Are you interested in preventative mental health care research in primary care and community settings?

16 Aug 23

In Lancashire we are working on a National Institute of Health Research (NIHR), Research for Patient Benefit (RfPB) funded Randomised Control Trial (RCT), known as ‘The Mental Health Prevention and Promotion Study in General Practice settings: A Feasibility Study’, or The MEND Study for short.

The MEND Study is seeking to evaluate the feasibility of recruiting General Practice patients into a randomised study where they will receive either treatment as usual or a brief psychological intervention for preventing the deterioration of mental health. We are funded March 2023- October 2024 and hope to build up to a subsequent larger trial that would evaluate the clinical and cost-effectiveness of the intervention. We want to learn about helping people early- before they experience more distress.

We are writing this blog in an attempt to generate interest about this important topic and reach out to anyone who is potentially already working in this area, or interested in being part of the next stage, the larger bid. If you are interested, or want to hear more then please do get in touch!

Mental health care is a core part of the business in General Practice, with reportedly 90% of all mental health care being delivered in primary care. 81% of people seeking mental health support start their journey by making an appointment to see their GP, perhaps they’ve been worrying about it for a while, perhaps a loved one managed to persuade them to go and talk to their Doctor. Either way, primary care is a great place to engage in a preventative approach because of the contact GP surgeries have with the local community, the non-stigmatizing nature of the service, ease of access and the frequency with which mental health need presents (reportedly part of 1 in 3 appointments).

The opportunities to intervene early, to help reduce distress, reduce demand on services and increase GP capacity are exciting. As General Practice expands to meet the ambitions of the NHS Long Term Plan, to provide more care in the community, additional roles are joining the expanding workforce. In most places this includes the addition of Mental Health Practitioners (MHPs). MHP is an umbrella term for a number of qualified professionals who are able to provide mental health care. One challenge arises in the support a clinician would need to be able to adopt a more proactive, as opposed to reactive approach. When demand is high, it can be a clinical challenge to protect time to prevent, to work with those who may be vulnerable, but ultimately could wait to be ‘tomorrow’s problem’. Another issue is what exactly is a preventative intervention? There is research evidence available, but it is still a growing area and one to strengthen.

Multiple partners will need to come together to have the best impact. Not all interventions that impact upon mental health happen in a clinic room. Opportunities for social engagement, fresh air, good quality housing and food all have significant impacts upon people’s mental health.

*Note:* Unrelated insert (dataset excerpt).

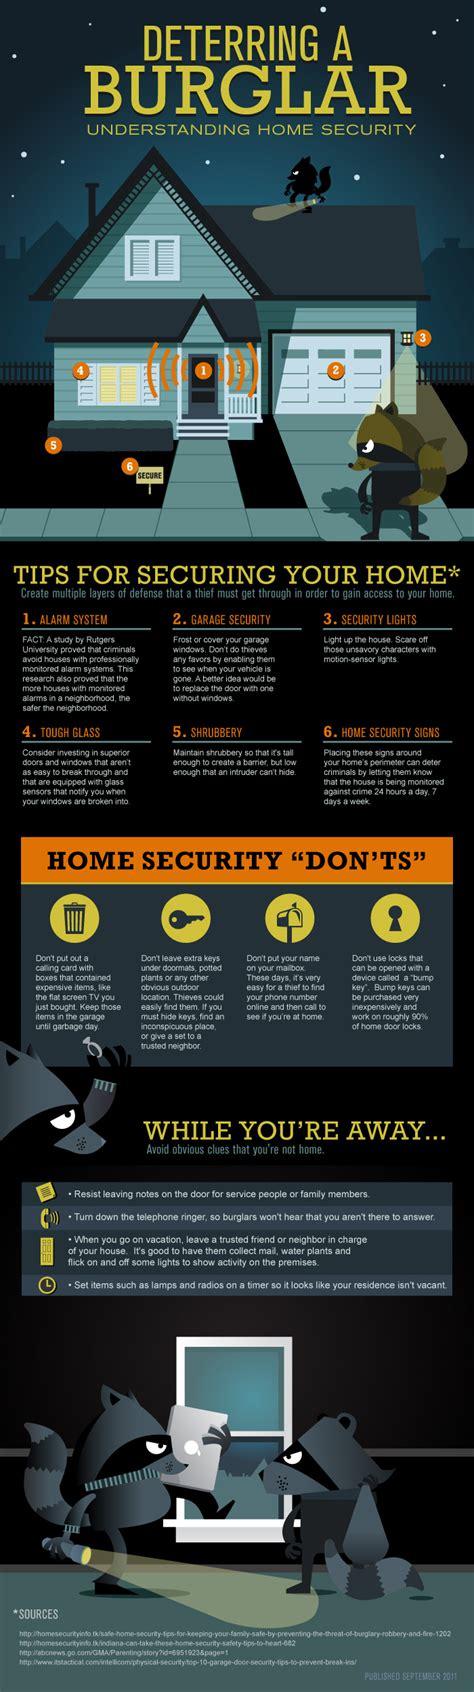 deterring a burglar understanding home security

All pieces of the jigsaw puzzle need to come together to complete the picture and increase resiliency on both an individual and community level. However, an important part of that jigsaw puzzle is having the understanding and skills to manage emotional distress. Of course, part of being human is to experience feelings, however, what varies is people’s knowledge about ability to tolerate or cope with the emotional responses they may have to different situations. Teaching people basic psychological skills as part of a brief psychological intervention can help prevent distress and promote positive emotional wellbeing.